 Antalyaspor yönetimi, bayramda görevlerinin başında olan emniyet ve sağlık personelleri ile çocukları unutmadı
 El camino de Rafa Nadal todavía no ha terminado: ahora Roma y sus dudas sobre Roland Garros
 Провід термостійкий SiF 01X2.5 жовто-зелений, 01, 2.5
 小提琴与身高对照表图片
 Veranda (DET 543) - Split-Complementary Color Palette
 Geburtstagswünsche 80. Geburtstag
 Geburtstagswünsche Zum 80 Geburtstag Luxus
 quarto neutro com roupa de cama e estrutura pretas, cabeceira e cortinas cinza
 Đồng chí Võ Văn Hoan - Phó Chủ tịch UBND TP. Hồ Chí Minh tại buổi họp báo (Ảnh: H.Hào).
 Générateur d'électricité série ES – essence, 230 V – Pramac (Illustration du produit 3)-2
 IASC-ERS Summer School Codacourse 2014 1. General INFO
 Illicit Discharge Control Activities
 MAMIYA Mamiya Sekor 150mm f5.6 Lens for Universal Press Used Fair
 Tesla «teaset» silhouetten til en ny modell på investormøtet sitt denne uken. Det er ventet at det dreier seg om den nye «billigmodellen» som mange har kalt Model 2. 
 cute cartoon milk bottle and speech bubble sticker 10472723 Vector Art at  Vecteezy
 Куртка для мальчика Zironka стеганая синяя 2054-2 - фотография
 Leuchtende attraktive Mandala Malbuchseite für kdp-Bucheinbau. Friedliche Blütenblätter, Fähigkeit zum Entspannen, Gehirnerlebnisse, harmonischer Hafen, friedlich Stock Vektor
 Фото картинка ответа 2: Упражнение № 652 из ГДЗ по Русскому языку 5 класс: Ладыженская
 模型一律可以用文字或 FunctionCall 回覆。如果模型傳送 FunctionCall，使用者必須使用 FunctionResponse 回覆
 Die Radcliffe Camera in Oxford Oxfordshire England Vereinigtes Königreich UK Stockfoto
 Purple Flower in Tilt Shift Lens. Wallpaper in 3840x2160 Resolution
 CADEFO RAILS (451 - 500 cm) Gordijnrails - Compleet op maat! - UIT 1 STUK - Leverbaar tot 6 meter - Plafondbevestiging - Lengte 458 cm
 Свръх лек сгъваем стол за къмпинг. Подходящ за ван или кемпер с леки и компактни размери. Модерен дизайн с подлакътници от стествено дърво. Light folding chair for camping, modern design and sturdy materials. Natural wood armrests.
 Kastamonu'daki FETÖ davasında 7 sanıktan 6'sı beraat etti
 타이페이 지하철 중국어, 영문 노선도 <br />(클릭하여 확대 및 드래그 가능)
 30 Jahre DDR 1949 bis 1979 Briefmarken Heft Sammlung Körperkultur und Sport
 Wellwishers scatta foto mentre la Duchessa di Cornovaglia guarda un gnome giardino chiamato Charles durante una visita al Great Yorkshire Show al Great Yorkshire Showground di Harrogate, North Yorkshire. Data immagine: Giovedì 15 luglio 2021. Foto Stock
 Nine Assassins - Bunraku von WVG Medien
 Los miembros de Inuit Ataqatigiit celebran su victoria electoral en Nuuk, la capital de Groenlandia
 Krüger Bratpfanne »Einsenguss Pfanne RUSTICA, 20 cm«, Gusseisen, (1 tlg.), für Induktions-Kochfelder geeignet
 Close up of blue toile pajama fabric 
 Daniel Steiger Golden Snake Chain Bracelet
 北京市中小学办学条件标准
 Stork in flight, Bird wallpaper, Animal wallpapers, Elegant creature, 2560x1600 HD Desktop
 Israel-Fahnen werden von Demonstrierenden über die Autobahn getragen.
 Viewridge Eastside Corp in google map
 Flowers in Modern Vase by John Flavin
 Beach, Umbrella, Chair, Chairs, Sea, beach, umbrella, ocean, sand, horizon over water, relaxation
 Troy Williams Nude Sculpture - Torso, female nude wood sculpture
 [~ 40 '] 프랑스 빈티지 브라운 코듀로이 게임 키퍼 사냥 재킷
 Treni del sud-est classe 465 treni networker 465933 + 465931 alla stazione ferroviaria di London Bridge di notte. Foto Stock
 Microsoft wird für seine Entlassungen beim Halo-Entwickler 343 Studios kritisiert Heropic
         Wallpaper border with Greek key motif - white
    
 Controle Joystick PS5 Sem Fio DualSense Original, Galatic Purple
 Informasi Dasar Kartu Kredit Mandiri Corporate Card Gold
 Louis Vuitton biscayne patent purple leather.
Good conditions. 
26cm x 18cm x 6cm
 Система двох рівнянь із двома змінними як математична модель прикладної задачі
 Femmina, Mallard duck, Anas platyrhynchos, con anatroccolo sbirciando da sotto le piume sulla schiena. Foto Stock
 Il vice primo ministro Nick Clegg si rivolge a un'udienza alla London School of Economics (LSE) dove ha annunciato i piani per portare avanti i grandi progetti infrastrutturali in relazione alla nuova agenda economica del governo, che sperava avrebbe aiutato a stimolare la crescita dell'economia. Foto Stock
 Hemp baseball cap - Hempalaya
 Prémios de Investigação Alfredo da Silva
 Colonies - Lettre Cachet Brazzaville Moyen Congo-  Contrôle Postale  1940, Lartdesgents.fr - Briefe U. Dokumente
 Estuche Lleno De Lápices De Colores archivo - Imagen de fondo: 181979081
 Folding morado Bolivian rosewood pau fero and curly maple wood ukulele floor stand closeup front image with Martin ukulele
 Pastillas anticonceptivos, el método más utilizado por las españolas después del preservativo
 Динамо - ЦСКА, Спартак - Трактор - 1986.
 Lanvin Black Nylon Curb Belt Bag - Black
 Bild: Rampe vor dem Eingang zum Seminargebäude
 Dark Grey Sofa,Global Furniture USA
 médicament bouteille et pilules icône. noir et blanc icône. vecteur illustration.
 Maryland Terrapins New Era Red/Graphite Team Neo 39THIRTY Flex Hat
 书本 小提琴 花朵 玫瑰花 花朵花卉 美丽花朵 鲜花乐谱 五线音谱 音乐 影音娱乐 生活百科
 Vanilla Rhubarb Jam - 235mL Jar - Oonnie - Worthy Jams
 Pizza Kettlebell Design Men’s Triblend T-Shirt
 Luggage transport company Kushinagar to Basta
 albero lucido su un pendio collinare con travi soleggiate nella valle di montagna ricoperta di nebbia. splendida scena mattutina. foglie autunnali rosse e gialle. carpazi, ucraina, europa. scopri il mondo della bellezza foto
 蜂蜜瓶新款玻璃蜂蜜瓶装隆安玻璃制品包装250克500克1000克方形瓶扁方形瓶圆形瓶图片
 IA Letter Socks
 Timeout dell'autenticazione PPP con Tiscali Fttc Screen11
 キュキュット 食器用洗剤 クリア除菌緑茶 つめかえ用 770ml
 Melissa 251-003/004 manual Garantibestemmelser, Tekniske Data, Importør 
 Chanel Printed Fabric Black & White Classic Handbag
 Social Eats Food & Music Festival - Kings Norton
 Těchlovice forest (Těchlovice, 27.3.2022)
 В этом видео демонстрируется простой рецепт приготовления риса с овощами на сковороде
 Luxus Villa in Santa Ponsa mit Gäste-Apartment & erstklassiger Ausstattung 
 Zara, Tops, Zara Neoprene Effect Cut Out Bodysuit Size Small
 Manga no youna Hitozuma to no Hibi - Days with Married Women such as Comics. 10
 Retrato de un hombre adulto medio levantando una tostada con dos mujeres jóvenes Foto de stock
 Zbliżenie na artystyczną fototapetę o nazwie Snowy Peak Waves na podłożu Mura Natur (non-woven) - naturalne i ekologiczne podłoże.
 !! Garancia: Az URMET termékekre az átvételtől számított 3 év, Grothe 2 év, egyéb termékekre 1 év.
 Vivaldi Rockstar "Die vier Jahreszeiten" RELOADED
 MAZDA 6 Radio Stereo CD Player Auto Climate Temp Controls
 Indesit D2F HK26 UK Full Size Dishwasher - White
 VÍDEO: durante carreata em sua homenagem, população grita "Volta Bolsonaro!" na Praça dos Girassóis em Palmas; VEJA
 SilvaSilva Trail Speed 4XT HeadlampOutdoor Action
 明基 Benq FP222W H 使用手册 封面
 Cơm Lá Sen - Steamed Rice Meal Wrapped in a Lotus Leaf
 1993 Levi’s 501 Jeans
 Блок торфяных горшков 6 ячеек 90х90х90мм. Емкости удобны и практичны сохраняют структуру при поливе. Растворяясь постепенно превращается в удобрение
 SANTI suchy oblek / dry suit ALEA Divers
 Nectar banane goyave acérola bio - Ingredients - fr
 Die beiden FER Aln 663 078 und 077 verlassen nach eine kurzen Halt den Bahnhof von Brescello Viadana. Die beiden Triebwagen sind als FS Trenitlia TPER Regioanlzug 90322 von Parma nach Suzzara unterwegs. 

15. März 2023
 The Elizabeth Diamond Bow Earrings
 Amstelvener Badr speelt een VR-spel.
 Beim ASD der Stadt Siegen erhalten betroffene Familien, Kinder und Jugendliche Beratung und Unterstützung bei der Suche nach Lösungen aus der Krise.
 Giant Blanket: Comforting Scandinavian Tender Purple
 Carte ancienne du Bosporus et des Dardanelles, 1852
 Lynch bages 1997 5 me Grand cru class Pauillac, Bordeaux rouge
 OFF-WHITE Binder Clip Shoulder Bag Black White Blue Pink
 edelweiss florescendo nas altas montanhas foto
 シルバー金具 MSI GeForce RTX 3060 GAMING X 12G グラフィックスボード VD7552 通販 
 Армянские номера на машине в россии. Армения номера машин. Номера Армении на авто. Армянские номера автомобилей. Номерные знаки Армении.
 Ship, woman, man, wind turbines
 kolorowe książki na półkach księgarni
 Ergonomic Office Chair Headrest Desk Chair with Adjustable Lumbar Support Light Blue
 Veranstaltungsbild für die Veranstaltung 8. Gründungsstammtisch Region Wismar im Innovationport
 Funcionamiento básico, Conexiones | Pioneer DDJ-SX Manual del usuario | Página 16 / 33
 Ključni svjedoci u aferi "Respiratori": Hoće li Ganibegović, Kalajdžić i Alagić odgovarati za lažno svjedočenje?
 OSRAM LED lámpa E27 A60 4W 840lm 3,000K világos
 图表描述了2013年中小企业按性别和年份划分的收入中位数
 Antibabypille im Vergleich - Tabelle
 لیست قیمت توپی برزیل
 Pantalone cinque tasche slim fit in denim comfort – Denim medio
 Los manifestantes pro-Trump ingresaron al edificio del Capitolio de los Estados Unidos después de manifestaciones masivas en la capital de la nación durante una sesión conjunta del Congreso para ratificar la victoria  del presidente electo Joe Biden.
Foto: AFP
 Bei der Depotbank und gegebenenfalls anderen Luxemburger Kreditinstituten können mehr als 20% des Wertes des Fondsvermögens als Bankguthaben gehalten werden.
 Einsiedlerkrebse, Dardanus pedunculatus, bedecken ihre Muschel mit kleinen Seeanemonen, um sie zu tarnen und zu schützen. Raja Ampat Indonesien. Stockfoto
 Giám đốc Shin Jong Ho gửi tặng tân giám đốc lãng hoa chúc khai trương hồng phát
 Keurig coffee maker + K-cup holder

- - - - -

• ACTIVITY
Beginning with the line holding "termékekre 1 év." and ending with the line holding "Indesit D2F HK26", write out the stretch of material above exactly; add no further lines.

• RESULT
 !! Garancia: Az URMET termékekre az átvételtől számított 3 év, Grothe 2 év, egyéb termékekre 1 év.
 Vivaldi Rockstar "Die vier Jahreszeiten" RELOADED
 MAZDA 6 Radio Stereo CD Player Auto Climate Temp Controls
 Indesit D2F HK26 UK Full Size Dishwasher - White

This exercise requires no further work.